Network-structured problems have drawn recently considerable attention in various applications, such as mobile ad hoc networks, wireless sensor networks, and Internet networks [13]. The absence of centralized access to information and time-varying network connectivity are common features of network-structured problems. For this reason, distributed optimization methods associated with multiagent networks should be designed on the base of local communication and computation and the change of network topology. Distributed computing allows each agent to only utilize its own cost function and communicate with its direct neighbors, which has the potential advantage on protecting agents’ privacy. In recent years, there is an increasing trend to develop distributed optimization by integrating the communication and computation cooperation (see, e.g., [4, 5] and references therein).

The methods designed to solve distributed convex problems have been widely studied in the literature. Based on the consensus averaging mechanism, there are several useful approaches, including primal consensus distributed methods, dual consensus distributed methods, and primal-dual consensus distributed methods.
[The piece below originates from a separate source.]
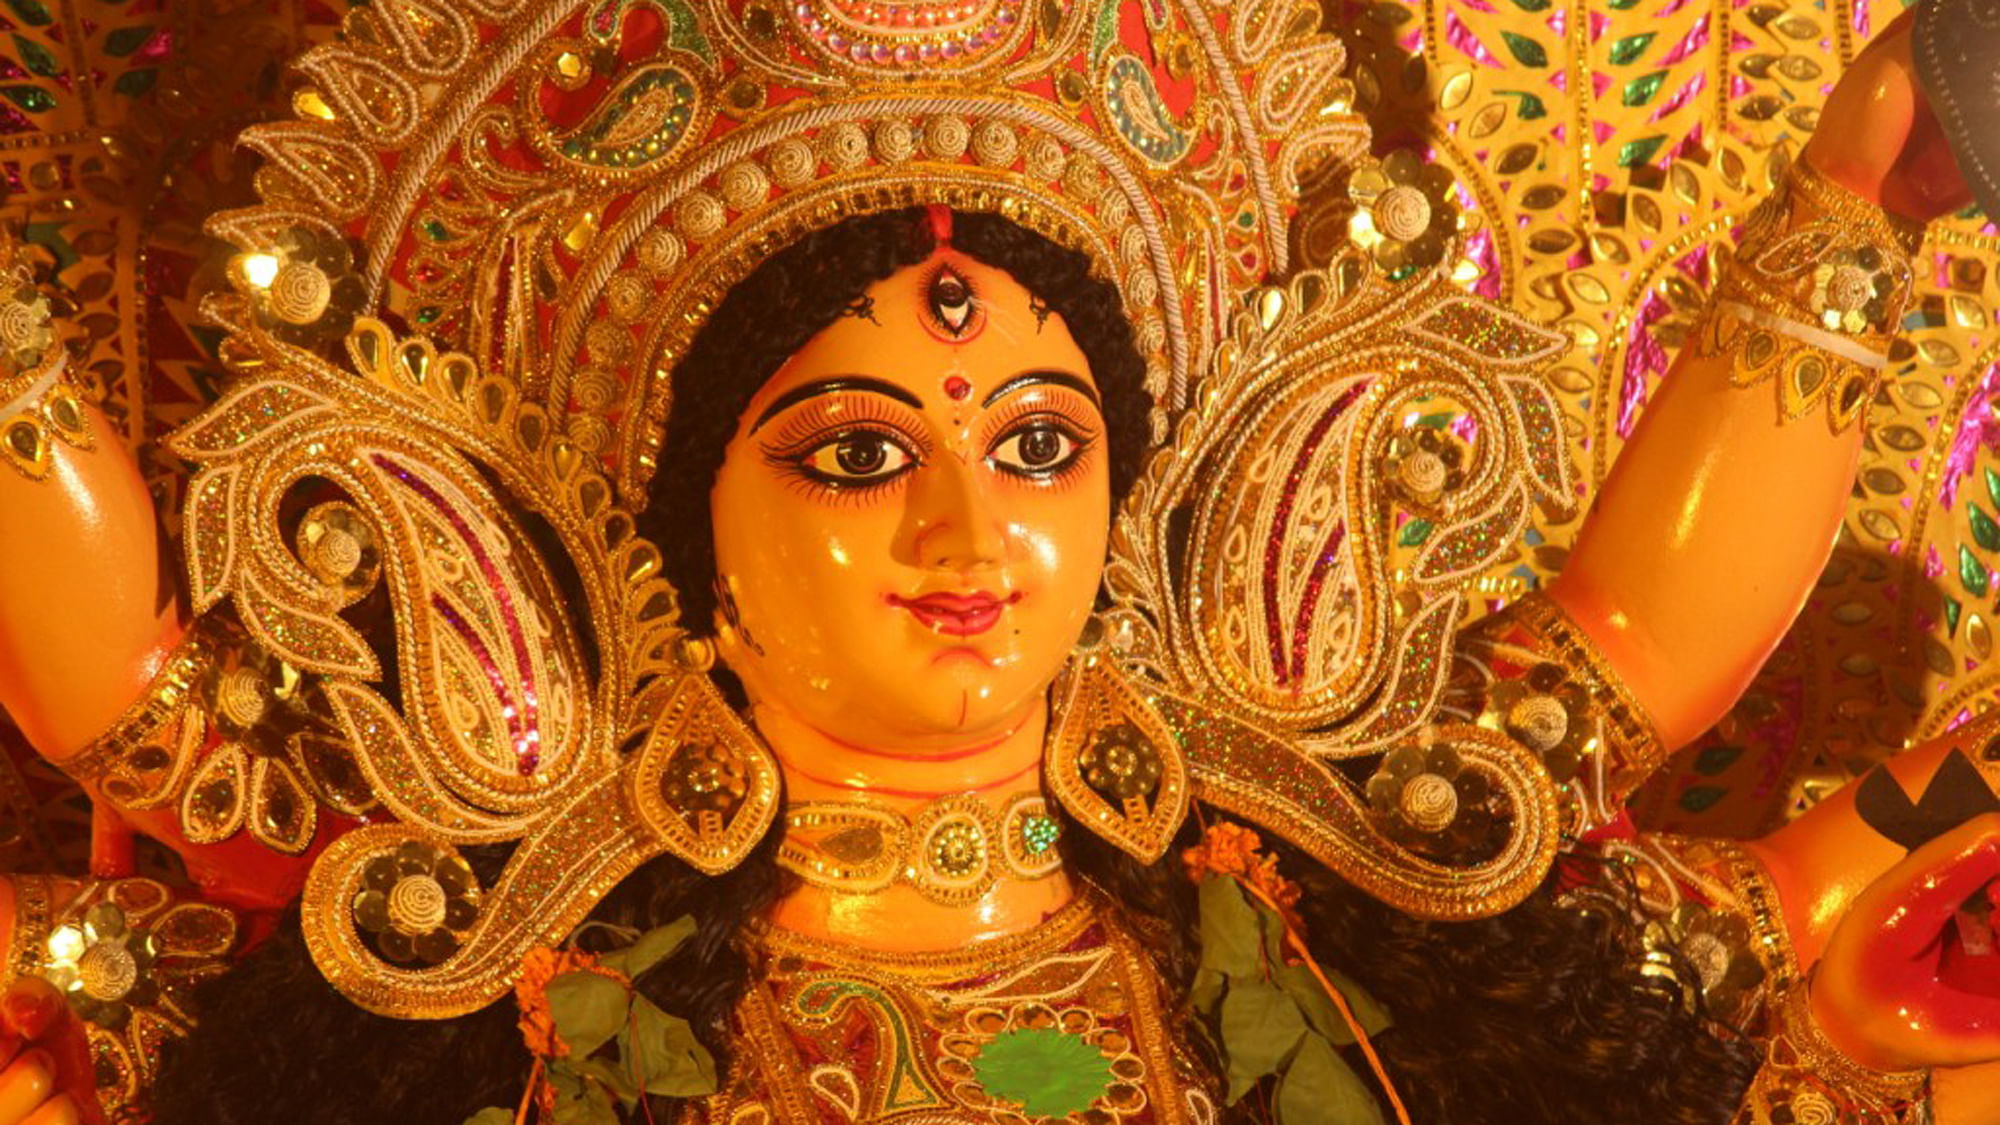 Celebrated festival of India, Durga Puja. (Photo Courtesy: Devanik Saha)

Nedic and Ozdaglar in [5] originally developed a distributed subgradient-based algorithm, in which every agent optimizes its own objective and locally exchanges information with neighboring agents in a network. The convergence rate of their proposed algorithm has been obtained. But, only unconstrained distributed problems were investigated. In [6], Nedic et al. generalized the distributed method in [5] to solve constrained convex optimization. Later, many researchers proposed various extensions based on primal (sub)gradient-based methods in, for example, [712]. In [13], Duchi et al. extended the centralized dual averaging algorithm to the distributed setting and then proposed a distributed dual averaging algorithm. The convergence result of their algorithm shows that the number of iterations is dependent on the underlying network sizes and spectral gaps. The primal-dual consensus distributed method was designed for solving distributed convex problems with global inequality constraints under the framework of Lagrangian duality. By finding the corresponding saddle-points of the Lagrangian function, Zhu and Martinez [14] first proposed a primal-dual consensus distributed algorithm and established the convergence results. The authors in [15] obtained the explicit convergence rate of the algorithm under the strong connectivity of networks.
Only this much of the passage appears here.